2002-03-12 Thread Ian Murray

[Financial Times]
The reigning champions of free trade
Robert Zoellick insists that the US was within its rights to
impose tariffs on steel, and warns against ill-considered
retaliatory measures.
Published: March 12 2002 20:04 | Last Updated: March 12 2002 20:53



President George W. Bush acted last week to help the US steel
industry regain its footing in accordance with World Trade
Organisation rules. We have explained since last June that the
problems of the global steel industry - overcapacity traced to a
long history of government subsidies, market controls and
protections - called for multilateral action, not finger-pointing.
In that same spirit, I should like to share the Bush
administration's views on this issue.

First, we should put this action in perspective.
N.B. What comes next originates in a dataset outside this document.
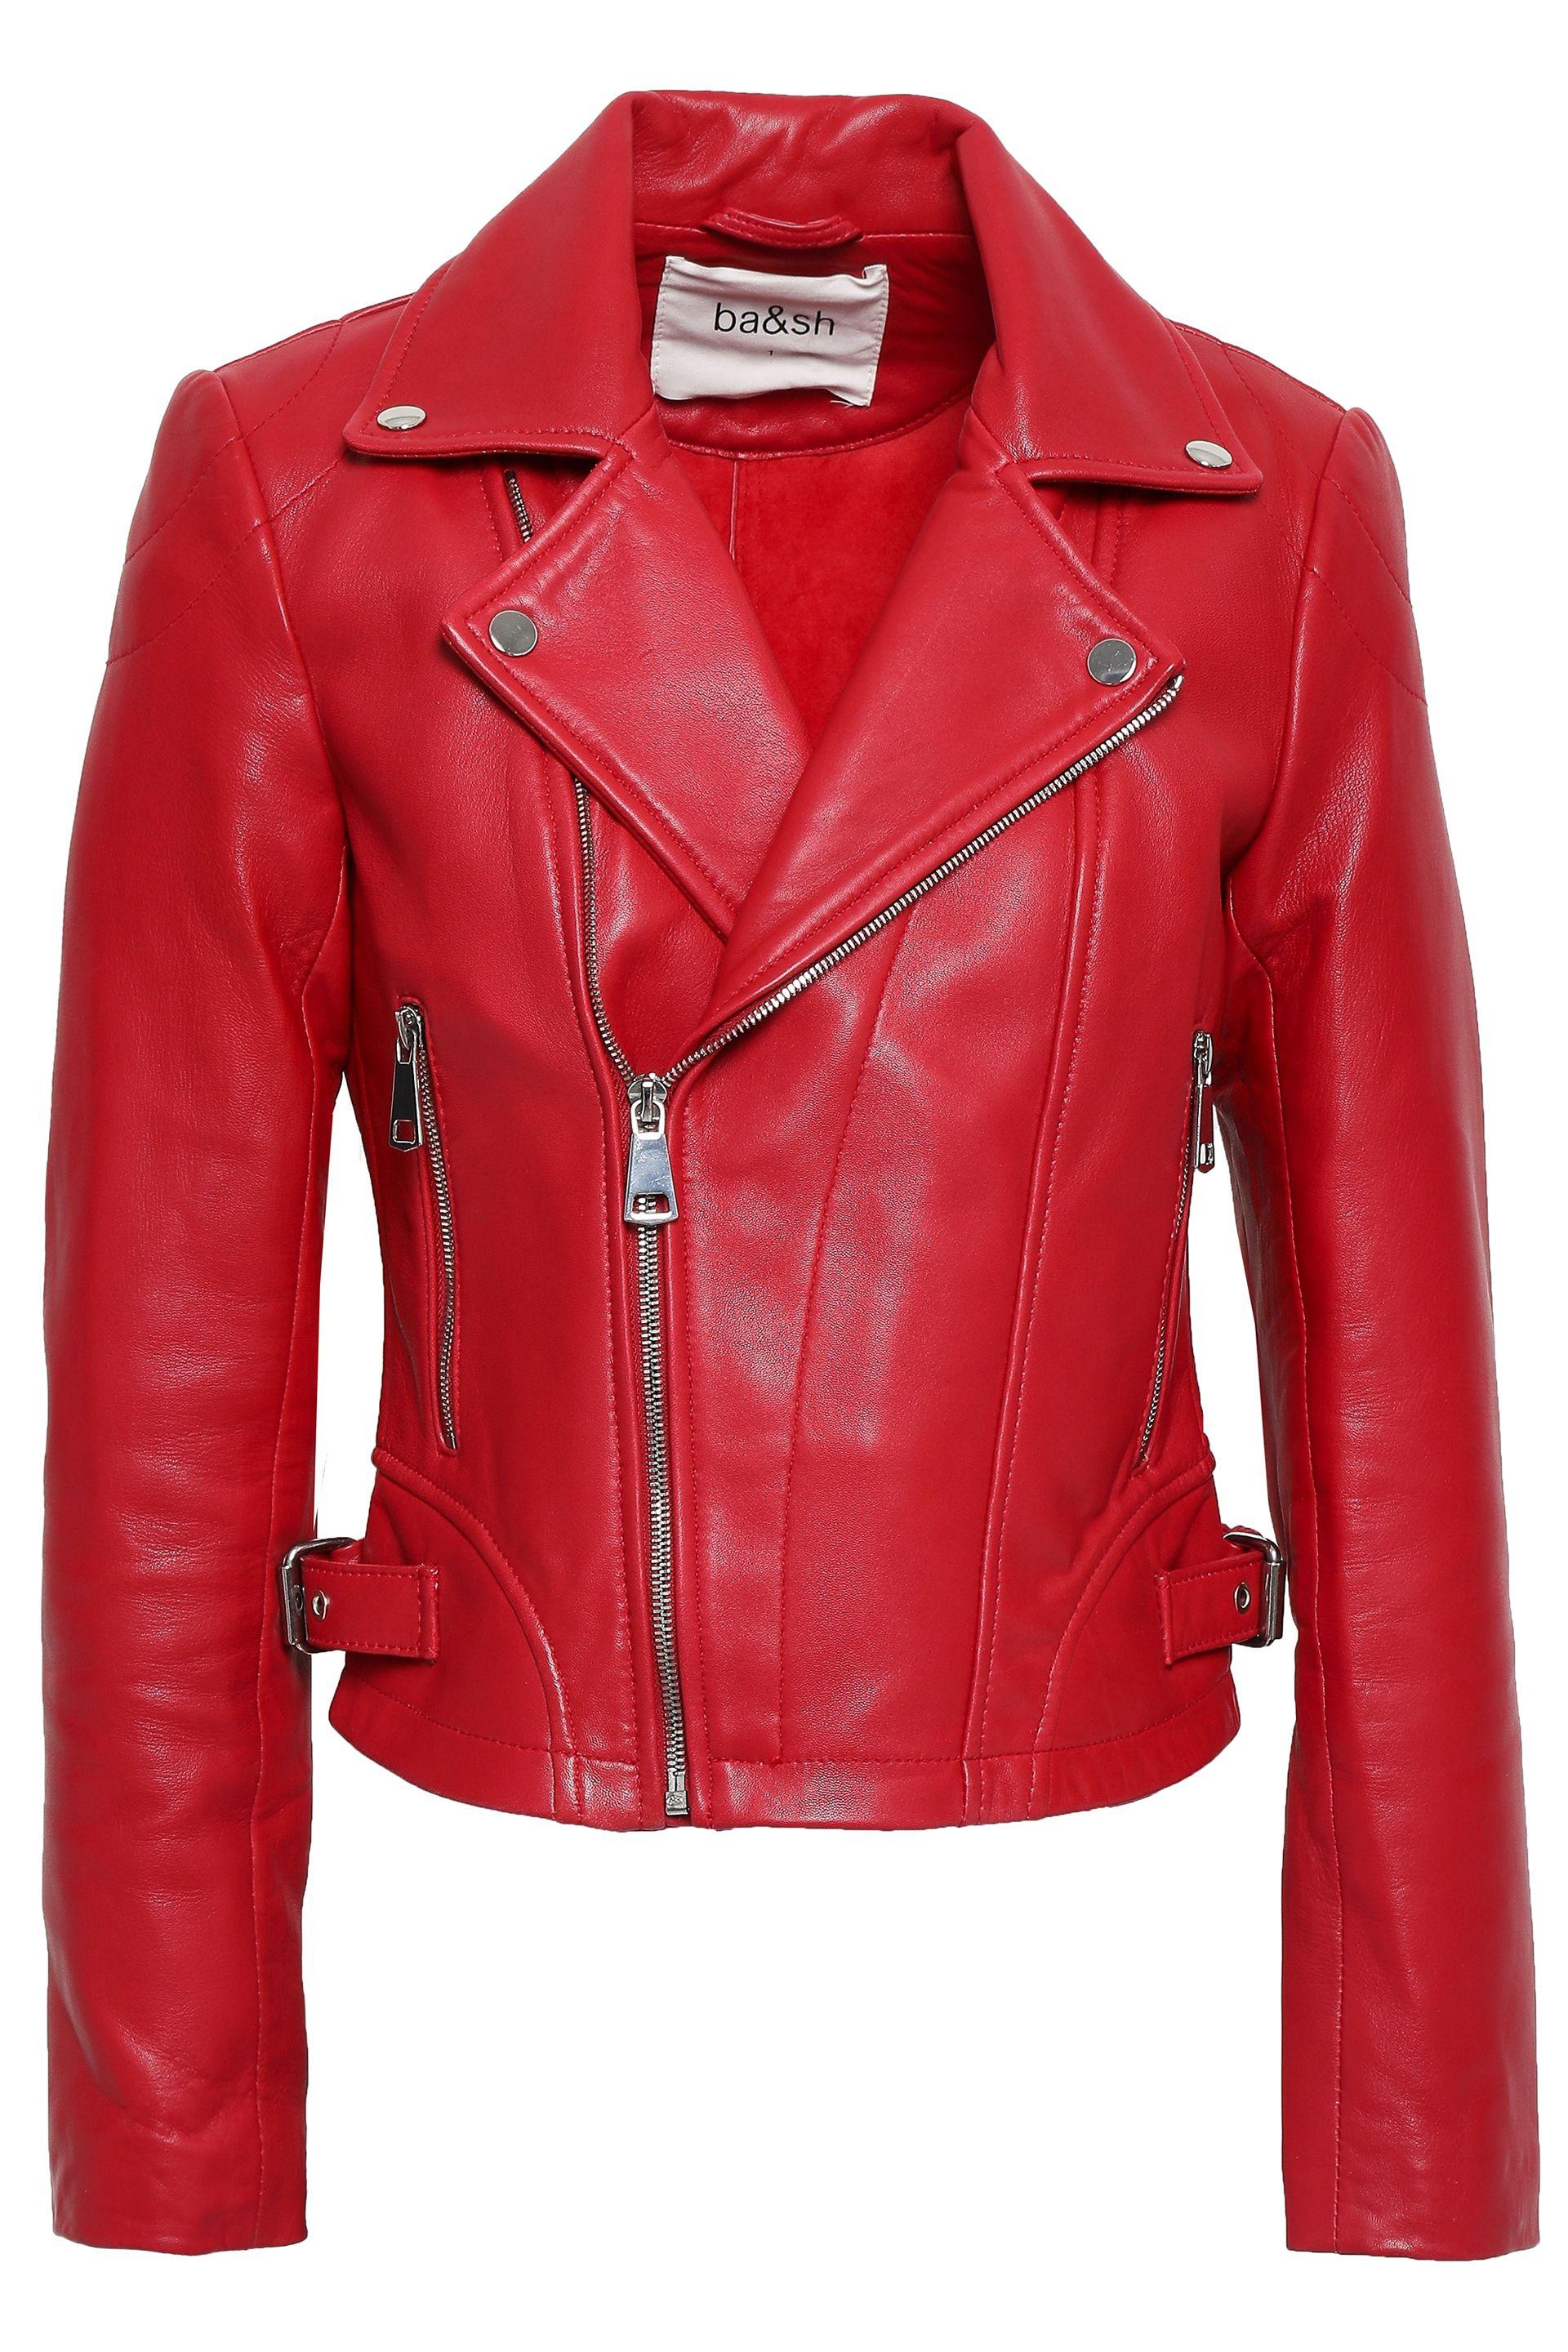 Ba&sh Leather Biker Jacket Red - Lyst

The US imports
well over $1,000bn (£700bn) a year in goods from around the world,
of which all steel products account for roughly 1 per cent. Last
year the US ran a $427bn trade deficit. It is not unreasonable in
these circumstances to use the domestic and international tools
available to help a US industry cope with an influx of imports
that has contributed to massive bankruptcies and loss of jobs.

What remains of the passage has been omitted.